Looking at the credit risk, role of the rating agency or a risk consulting firm will be to focus on:

Credit Quality of Collateral as determined by the asset type, borrowers' ability to pay the loan and the borrower's equity in the asset. Currently micro finance in India is mainly without adequate collaterals. Credit rating will also need to see experience of the originator of the underlying loans and to see if the loans have the same characteristic in which the originator has experience in. Rating agency will assess the nature of underwriting standards vis-à-vis historical default rate. It will also monitor default rates over time to determine whether there is improvement or deterioration in the underwriting standards.
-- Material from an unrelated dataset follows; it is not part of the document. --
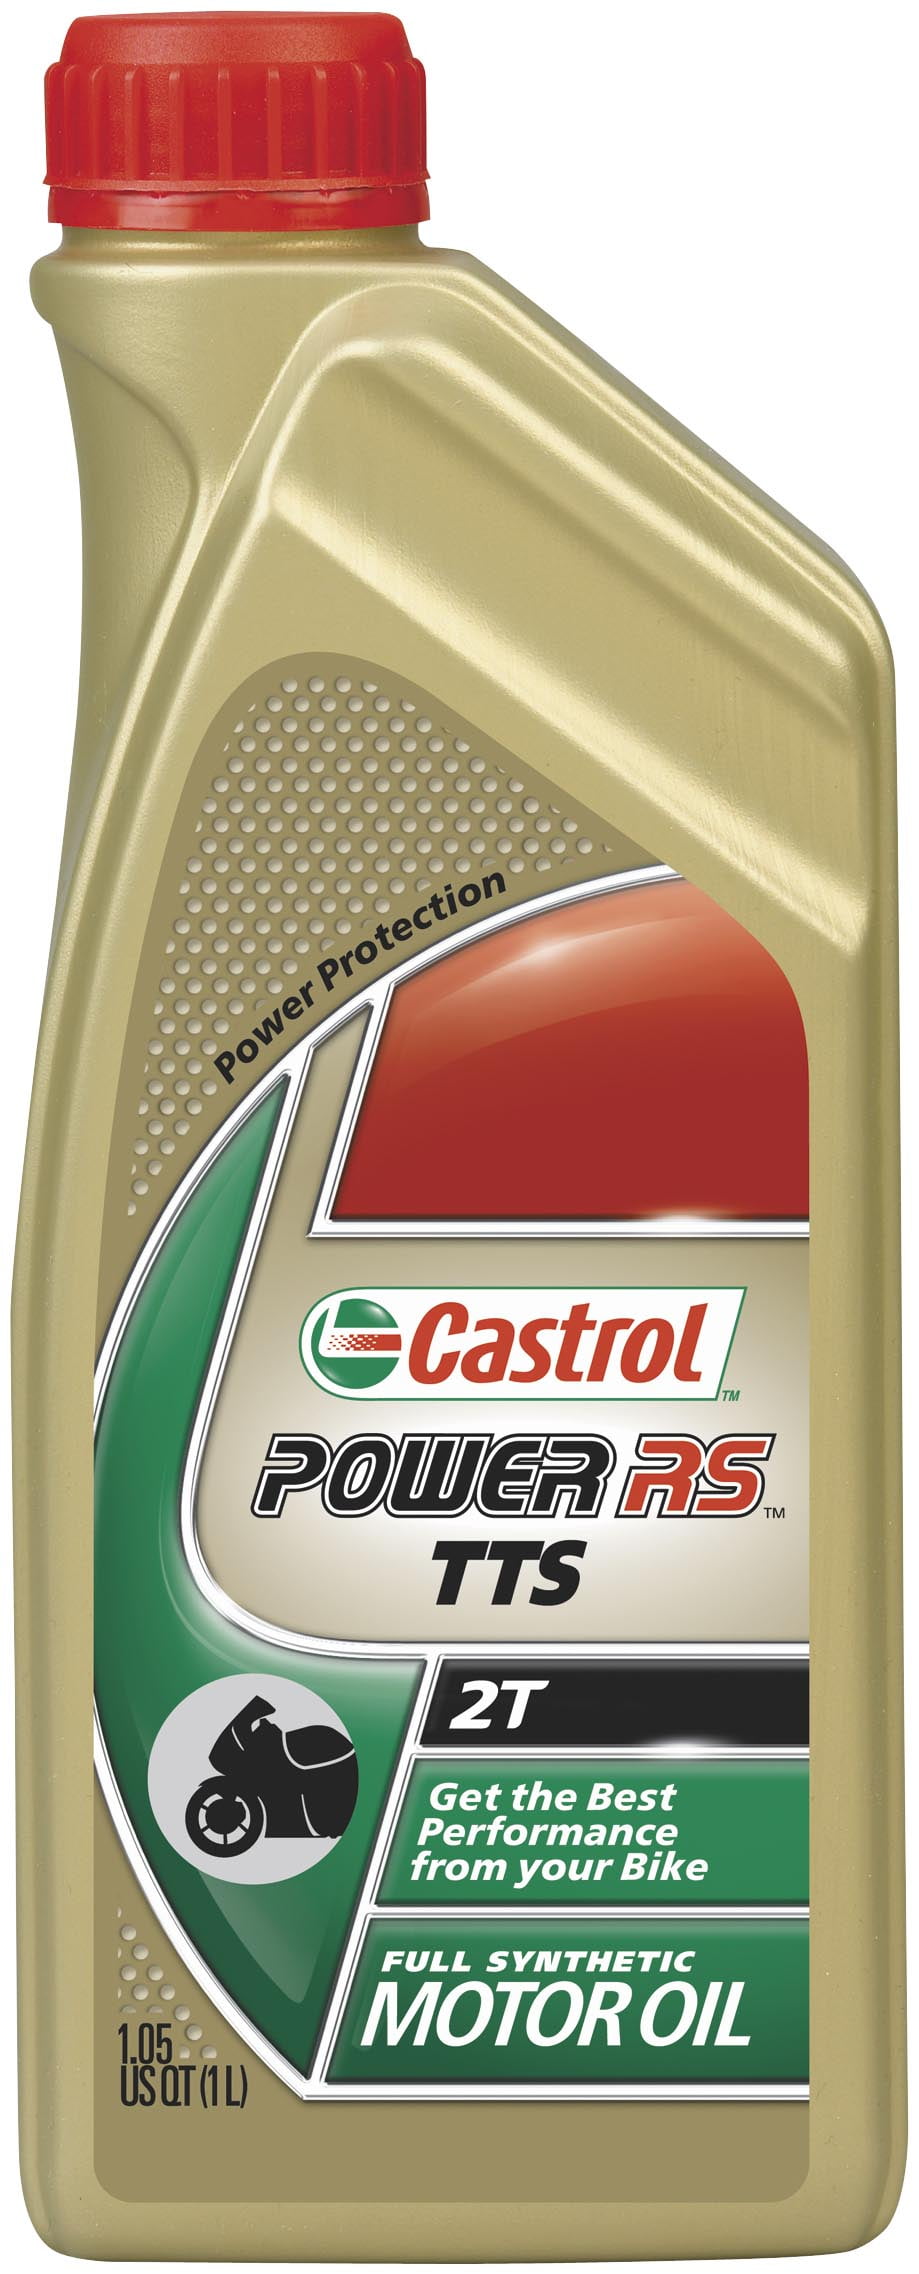 Castrol Power 1 Racing 2T Motorrad Motoröl 1l - 2-Takt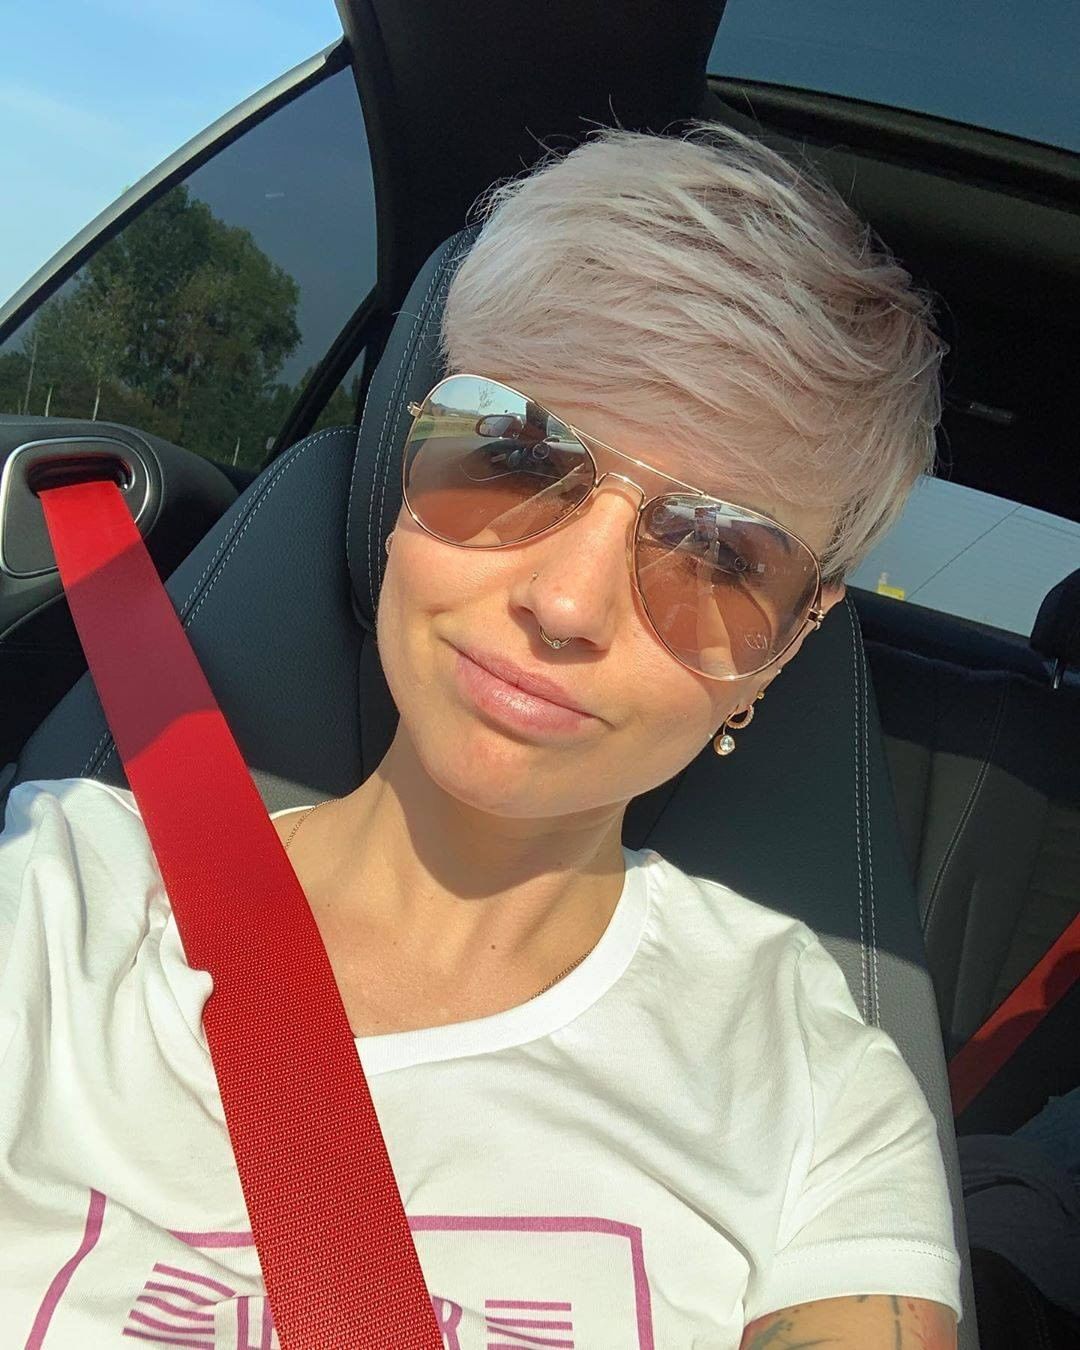 Pixie selfie in auto

The quality of loan servicing: The agency will look at recovery rates along with default rates which determine the ultimate loss rate. This is a high reputation risk area for many banks as recovery is being done using a goon's protection money asking approach.

Cash flow stress and payment structure: Credit rating agency will also look for stress on cash flows for both the originator and the borrower and rationalization of payment structure to gauge the credit risk. Lot of scope exists for innovation in this area which is possible through various public and private extension services.